Der Konzertabend schwankt zwischen Feierlichkeit und Betroffenheit

Die schockierenden Attentate in Paris liegen erst wenige Stunden zurück. Einige Sitze im Saal bleiben frei. „Viele Kollegen befinden sich gerade an der französischen Grenze und können heute nicht hier sein“, sagt der Leiter der Bundespolizeiinspektion Stuttgart Reinhard Pürkenauer. Er eröffnet den Abend mit einer Schweigeminute in Gedenken an die Opfer von Paris. Der Konzertabend schwankt zwischen Feierlichkeit, Betroffenheit und dem Versuch der Redner, den Abend in die vergangenen Geschehnisse einzuordnen.

Unter den Rednern ist auch die Schirmherrin des Abends, die Integrationsministerin Bilkay Öney (SPD). „Der Faktor Mensch ist eine sehr unsichere Variable“, sagt sie. Sorgen vor terroristischen Anschlägen in Deutschland versucht sie zu zerstreuen: „Ich denke, dass unsere Sicherheitskräfte wachsam sind.“ Und sie eröffnet eine weitere Perspektive: „Ich bin mir sicher, dass die Flüchtlinge sehr viel verunsicherter sind, als wir heute.“ Der Bogen zum Benefizkonzert lässt sich schwer schlagen, Öney versucht es dennoch: „Musik kennt ja bekanntlich keine Grenzen und verbindet über Sprachbarrieren hinweg.“

Flüchtlinge stehen auf der Bühne

Es ist ein spannender Abend.
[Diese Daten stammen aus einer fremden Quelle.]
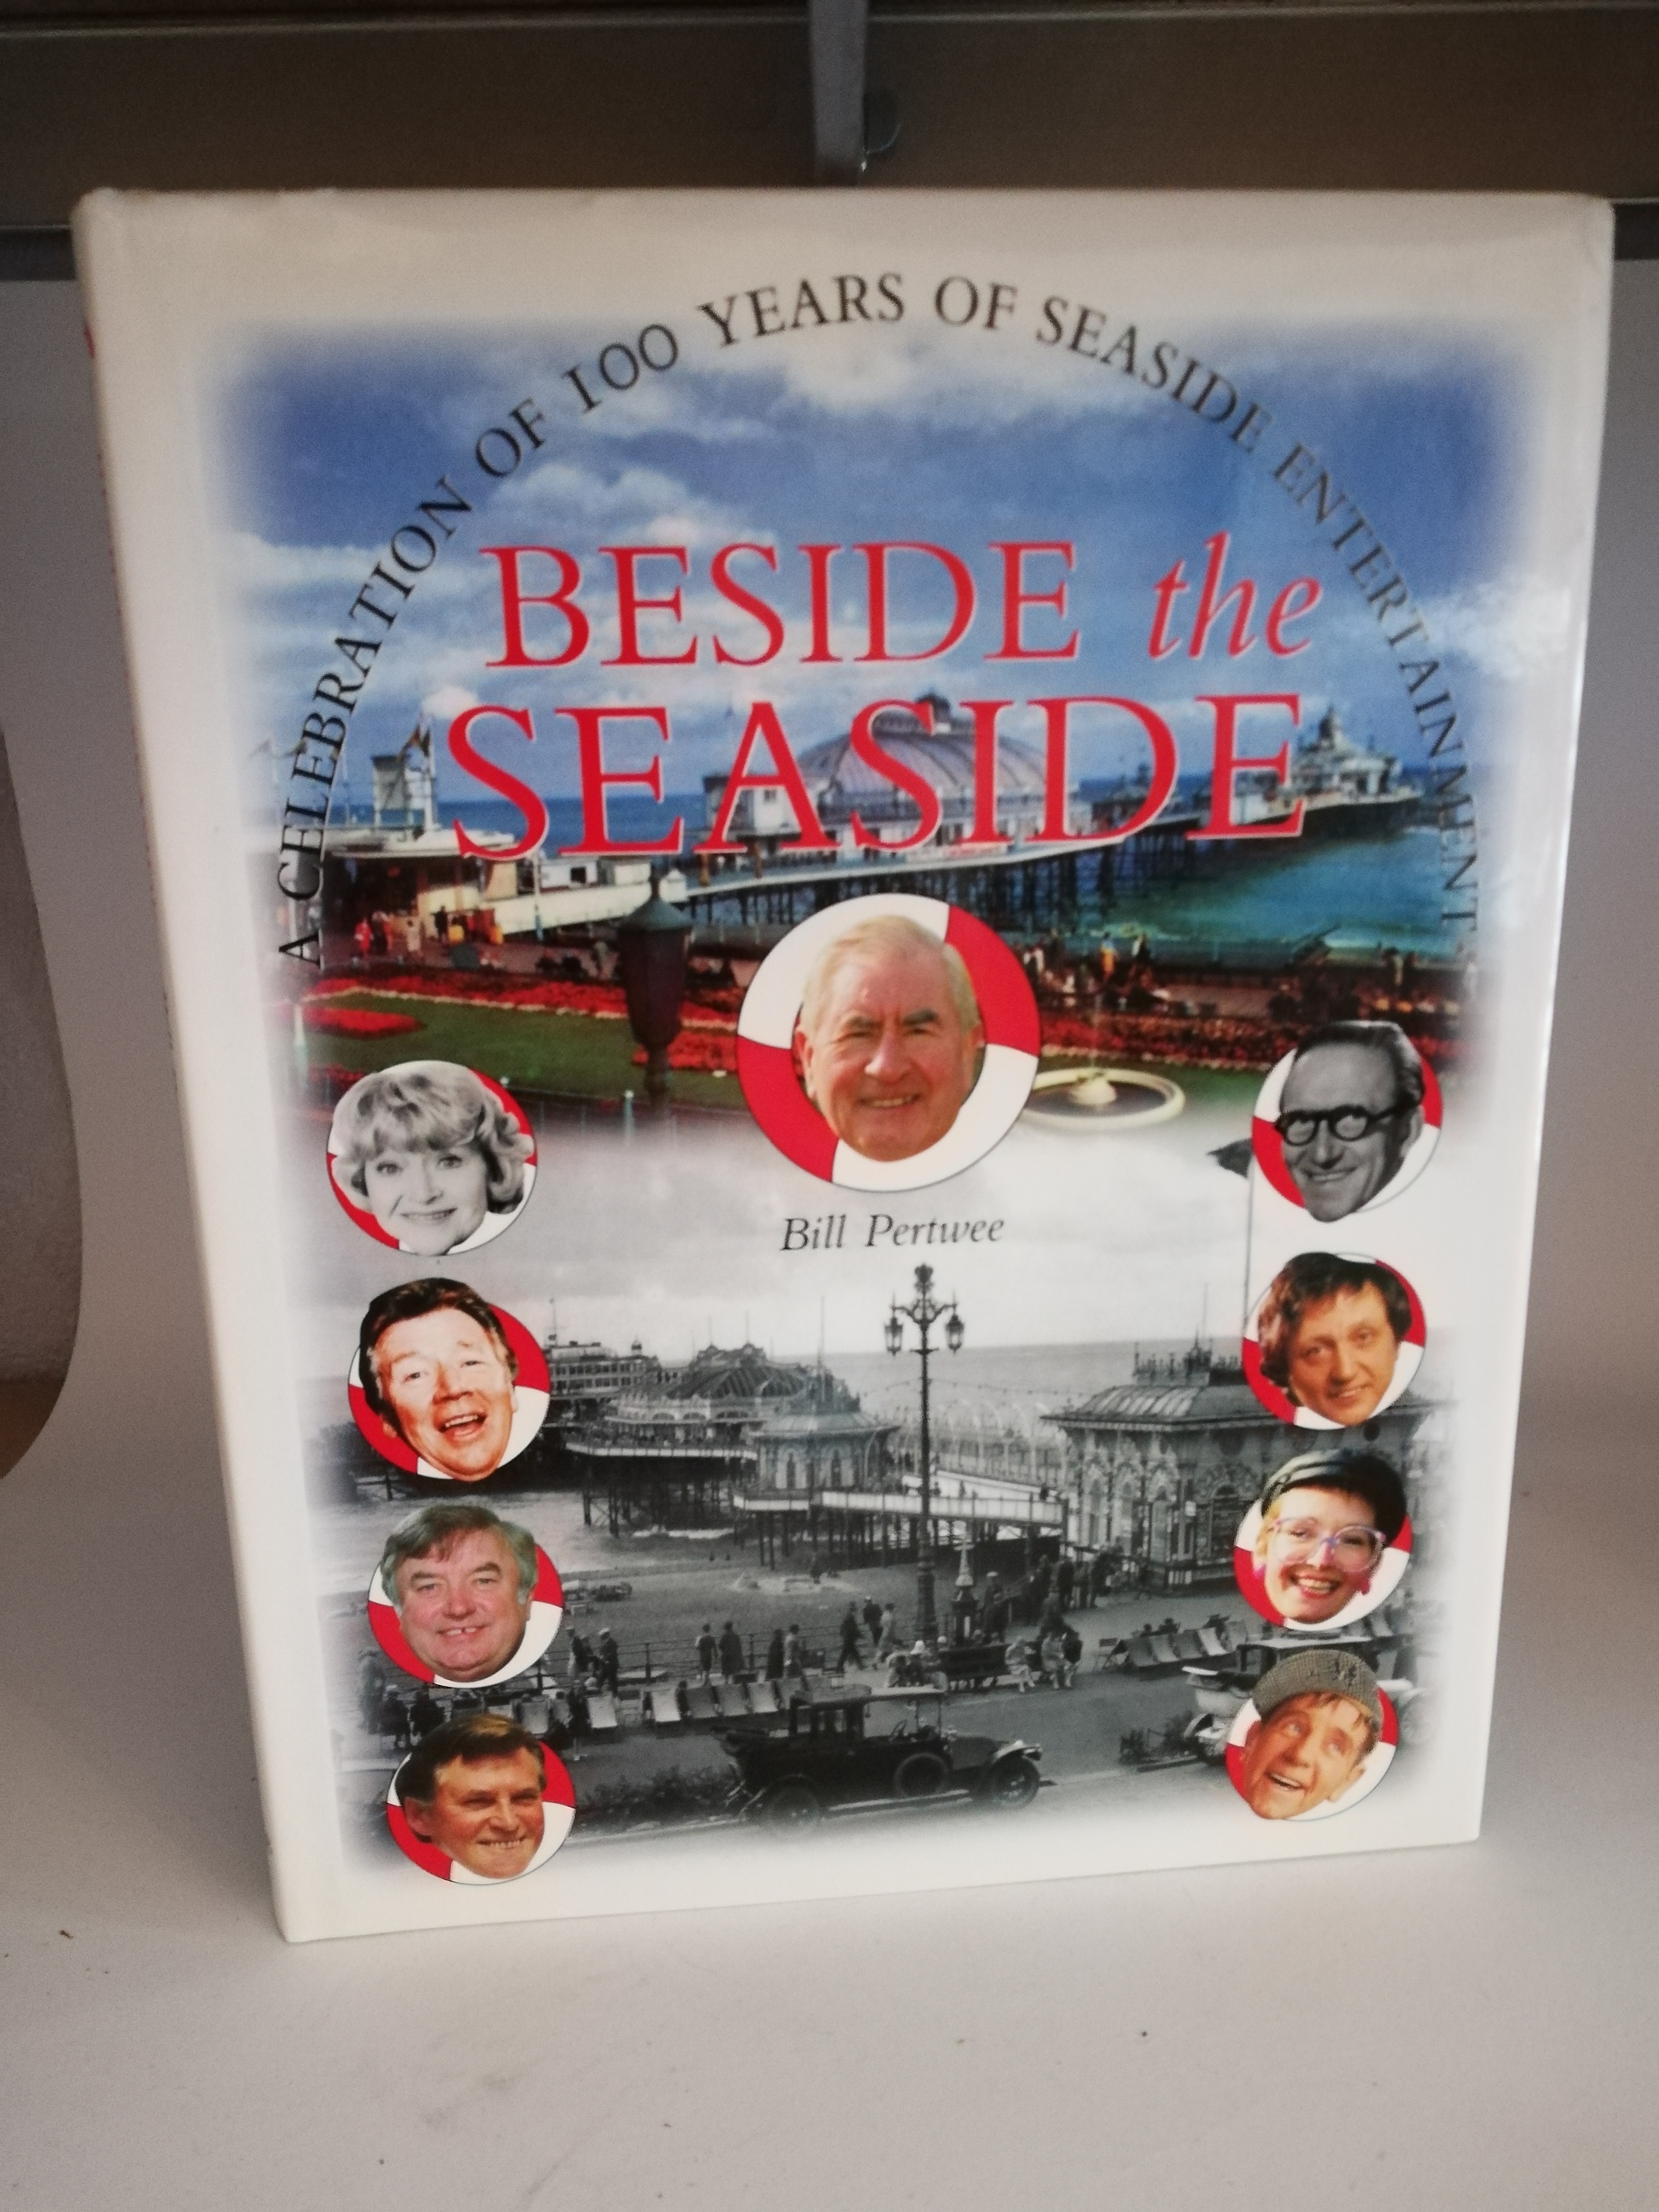 Bill Pertwee  Beside the Seaside. A celebration of 100 years of seaside entertainment

Spannend, weil er sich zwischen Welten bewegt. Mit dem Projekt Zuflucht Kultur stehen Flüchtlinge aus Syrien, Nigeria und Afghanistan auf der Bühne. Sie singen und musizieren mit dem Bundespolizeiorchester, füllen Musik von Mozart aus dem fragmentarischen Singspiel Zaide mit eigenen Erinnerungen an die eigene Flucht, ihre Ängste, die Schlaflosigkeit, die sie bis heute verfolgt. Das ist stark, bewegend und aufrüttelnd. Und wenn die Flüchtlinge sagen: „Hier habe ich gelernt, dass man vor der Polizei keine Angst haben muss“, hinterlässt das die Zuhörer nachdenklich.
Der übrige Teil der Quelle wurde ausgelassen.